Conclusions of the Supreme Court

In a tax residence dispute between two countries, the SC's unanimous decision determines that the authenticity of a tax residence certificate issued by the tax authorities of the other contracting State, as defined in the DTA, must be taken into account and considered valid.

Regarding tax residence certificates issued by another State with a DTA with Spain, the SC emphasises that national administrative and judicial bodies lack the authority to evaluate the circumstances under which such certificates were granted. Moreover, unilateral rejection of these certificates is not permissible since specific rules established in the DTA must be applied to resolve any conflicts that may arise.
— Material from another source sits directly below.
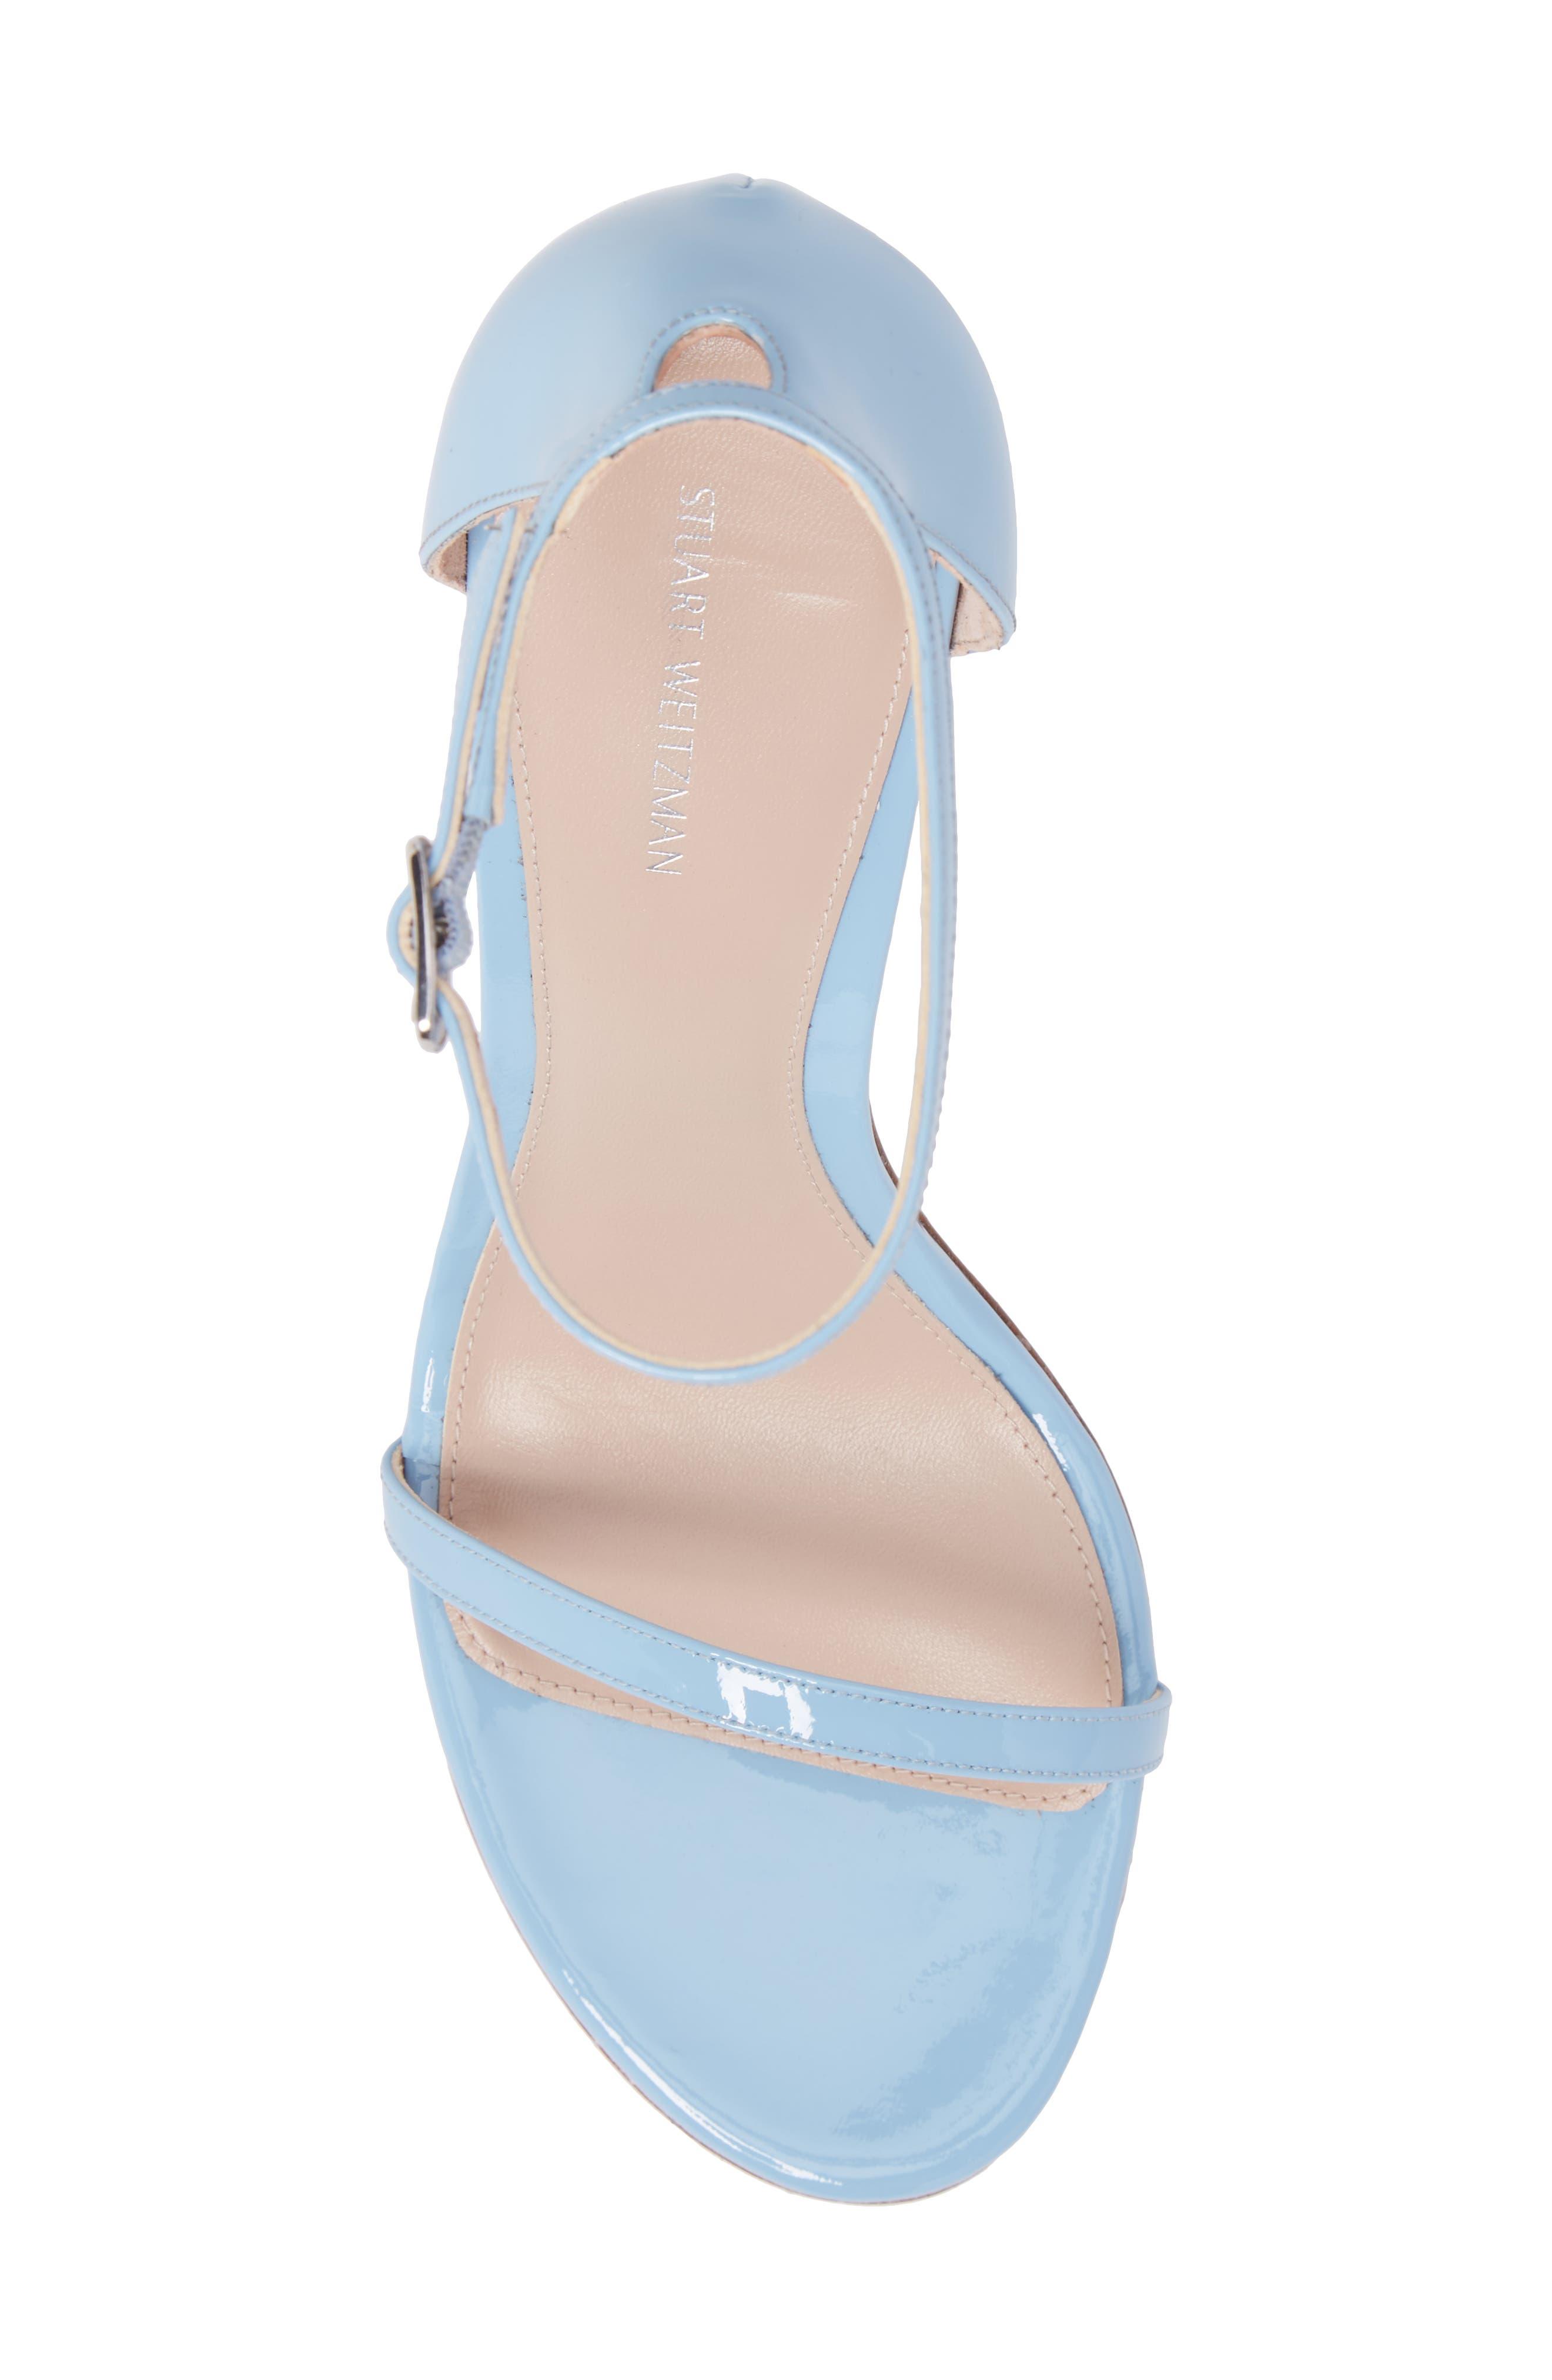 Nudistsong Ankle Strap Sandal,                             Alternate thumbnail 176, color,

It is worth noting that the SC has emphasised that the criterion of the "centre of vital interests" established in Article 4.2 of the DTA between the Kingdom of Spain and the USA is much broader than the concept of "centre of vital interests" established in Article 9.1(b) of the PIT. Therefore, in the event of a conflict, the rules of the Convention must be followed, and these rules must be interpreted independently of the national laws that contain similar concepts.

Regarding natural persons residing in both Contracting States, Article 4.2 of the DTA sets out four "tiebreaker" criteria to determine the applicable jurisdiction: 

  • where the person has a permanent home;
  • where they have the closest personal and economic relationships (referred to as the centre of vital interests);
  • where they have their habitual residence, and
  • where is their place of nationality.

Furthermore, if the situations in both states are similar or in the event of a disagreement, an amicable procedure should be adopted to settle the conflict.

The ruling highlights that the details mentioned in a tax residency certificate issued under these circumstances should be considered as neglecting them would go against the regulations outlined in Article 96 of the Spanish Constitution and the DTC between the two nations.

Osborne Clarke comment

The recent SC ruling in Spain has significant implications for the tax industry, emphasising the critical role of precision and dependability in issuing tax residency certificates. 

The ruling can significantly influence how tax authorities issue and use tax residence certificates in the future. As a result, it is expected that there will be extensive discussions at a legislative level regarding the necessity for increased regulation and oversight of the entire process.


* This article is current as of the date of its publication and does not necessarily reflect the present state of the law or relevant regulation.